Holocaust Educator to Help Yazidis Document Genocidal Persecution by ISIS
A Holocaust educator will help record tragic stories from the Iraqi-Syrian Yazidi community who survived genocidal persecution at the hands of ISIS terrorists and made their way to Germany, The Jewish Chronicle reported on Tuesday.
Samuel Schidem, a teacher at the Holocaust Memorial in Berlin and Germany’s director of the Israeli relief organization IsraAID, intends to set up a website where survivors can record their stories anonymously, to protect the survivors in Germany and their families back home who remain in danger. The website will be accessible to scholars and humanitarian workers.
According to the report, Schidem is utilizing methods practiced by the US Holocaust Memorial Museum, the Berlin memorial and others, to create the archive.
“Our work focuses on trauma, so the storytelling should be a kind of empowerment,” said Schidem, an Israeli Druze. “Most people have heard about the Yazidis and individual stories, but the dimension is so big: In every family there is a tragedy, and it is still going on today.”
When ISIS terrorists took control of territory in Iraq in 2014, tens of thousands of Yazidis were trapped, facing persecution, enslavement, rape and murder. Around 30,000 members of the religious minority, which the terrorist organization despises as “devil worshipers,” managed to escape to Germany. The total Yazidi population in Germany is about 150,000, according to The Jewish Chronicle.
IsraAID’s efforts with the Yazidi population in Germany took off with help from the American Jewish Committee (AJC) after its Berlin Director, Deidre Berger, learned that the group was on the ground in northern Iraq.
“Who if not the Jewish people should have a particular understanding for the persecution of the biblical Yazidi minority?” asked Berger rhetorically.

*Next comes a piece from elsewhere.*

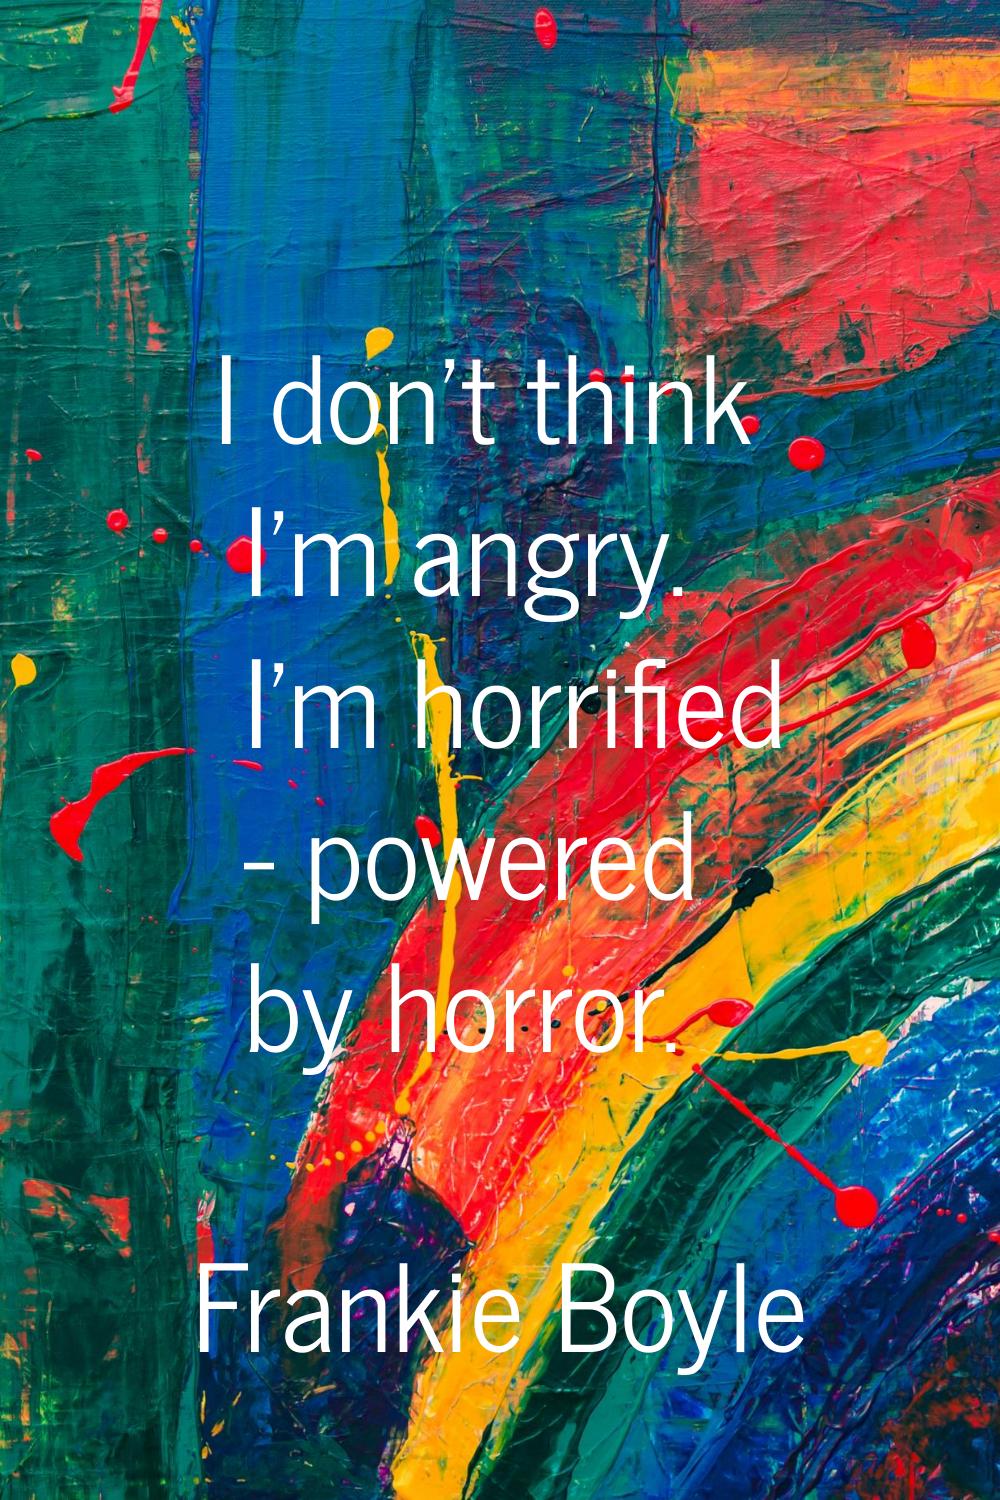 I don't think I'm angry. I'm horrified - powered by horror.

AJC provided financing for several IsraAID projects, and the Central Welfare Council of Jews in Germany contributed when refugees arrived in Germany. Berger said the AJC considers it “of great importance” to help Yazidis tell their story and “to make it better known that an important religious minority is threatened by Daesh with extinction.”
A Yazidi refugee in Germany who wrote a book about her survival will be a recipient of an AJC Voice of Conscience Award on May 4, which is also the eve of Holocaust Memorial Day in Israel and a number of other countries.
Yazidis are predominantly an ethnically Kurdish minority that resided in northern Iraq, before ISIS persecution led to their expulsion and flight — and sparked the US-led airstrikes against the Islamist State terrorists there in 2014.
Their religion is derived from a combination of ancient Persian Zoroastrianism, Christianity and Islam.